Four subsequent car bombs struck the city on Sunday, including another suicide attack. The second blast hit a Sunni sheik’s office and the third a Sunni mosque. The other attacks targeted Iraqi and American security forces.

Elsewhere in Iraq, 36 people were killed Sunday in assassinations and explosions, or were found dead during the day, authorities said.

Two civilians and three Iraqi police officers were killed in Fallujah in a series of attacks against U.S. and Iraqi security forces involving mortars and several bombs.

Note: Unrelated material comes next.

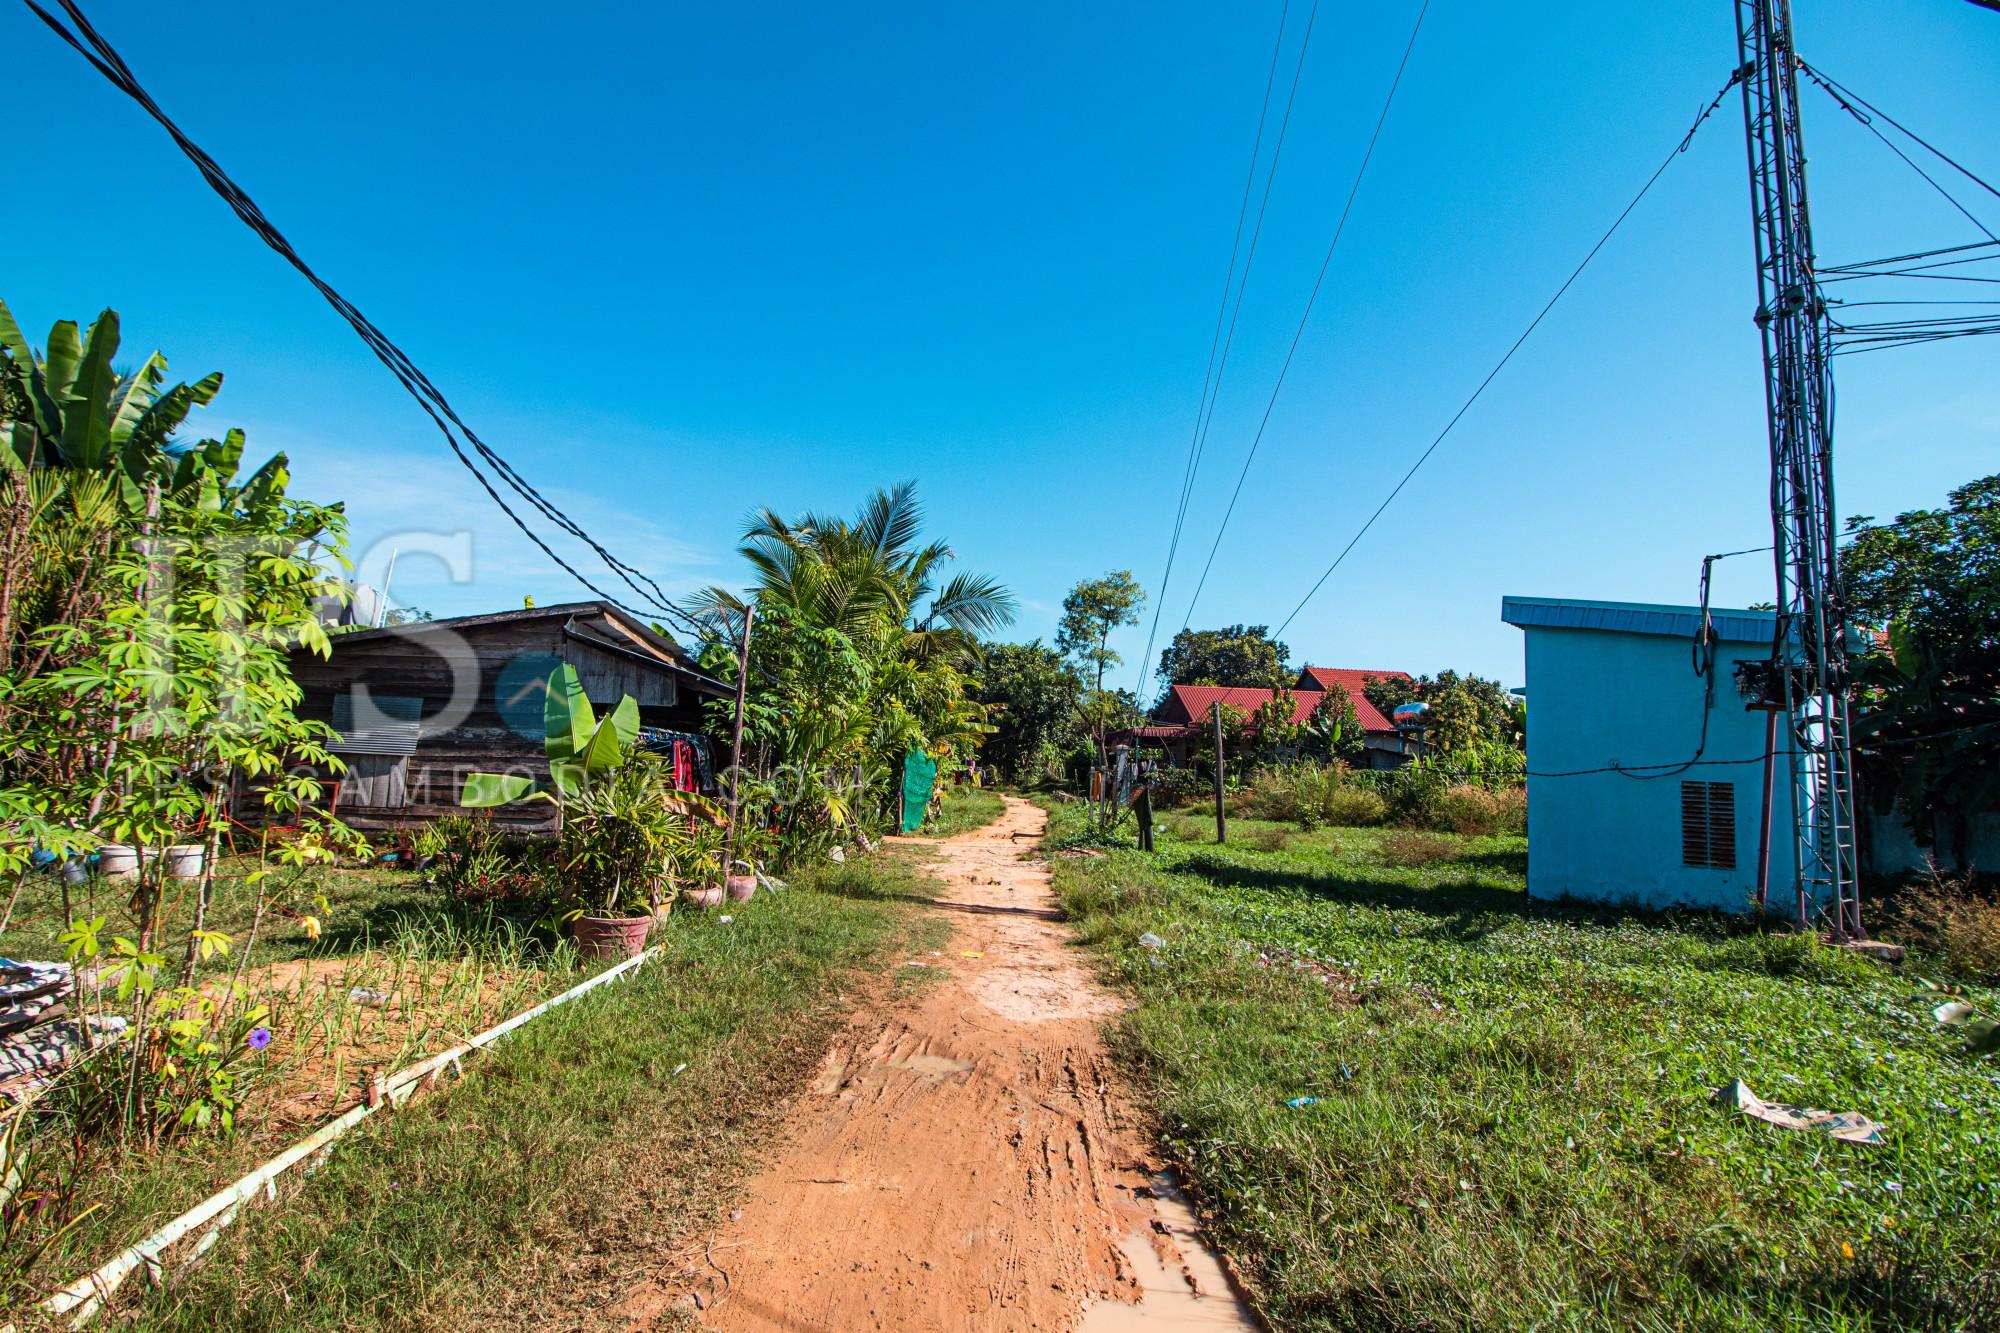 119 Sqm Land For Sale - Sra Ngae, Siem Reap

An American sailor had been killed in the western town Saturday, the U.S. military said in a statement.

A roadside bomb killed two security guards in Baqubah, and in Taji gunmen fired at police patrol, killing two officers, according to Iraqi authorities.

In the capital, two bombs killed two people and injured 12 in separate attacks.

Mohammed Shihab Dulaimi, a Sunni politician and vocal critic of the election which brought the current Shiite Muslim-dominated government to power, was assassinated on an upscale road along the Tigris River after he left the Palestine Hotel following a television interview.

Authorities also recovered the bodies of at least 24 people from Baghdad neighborhoods. Most were found shot, blindfolded and with their hands tied behind their backs. A headless corpse and another body were fished out of the Tigris River near the Sinak Bridge after they had drifted into some reeds along the riverbank.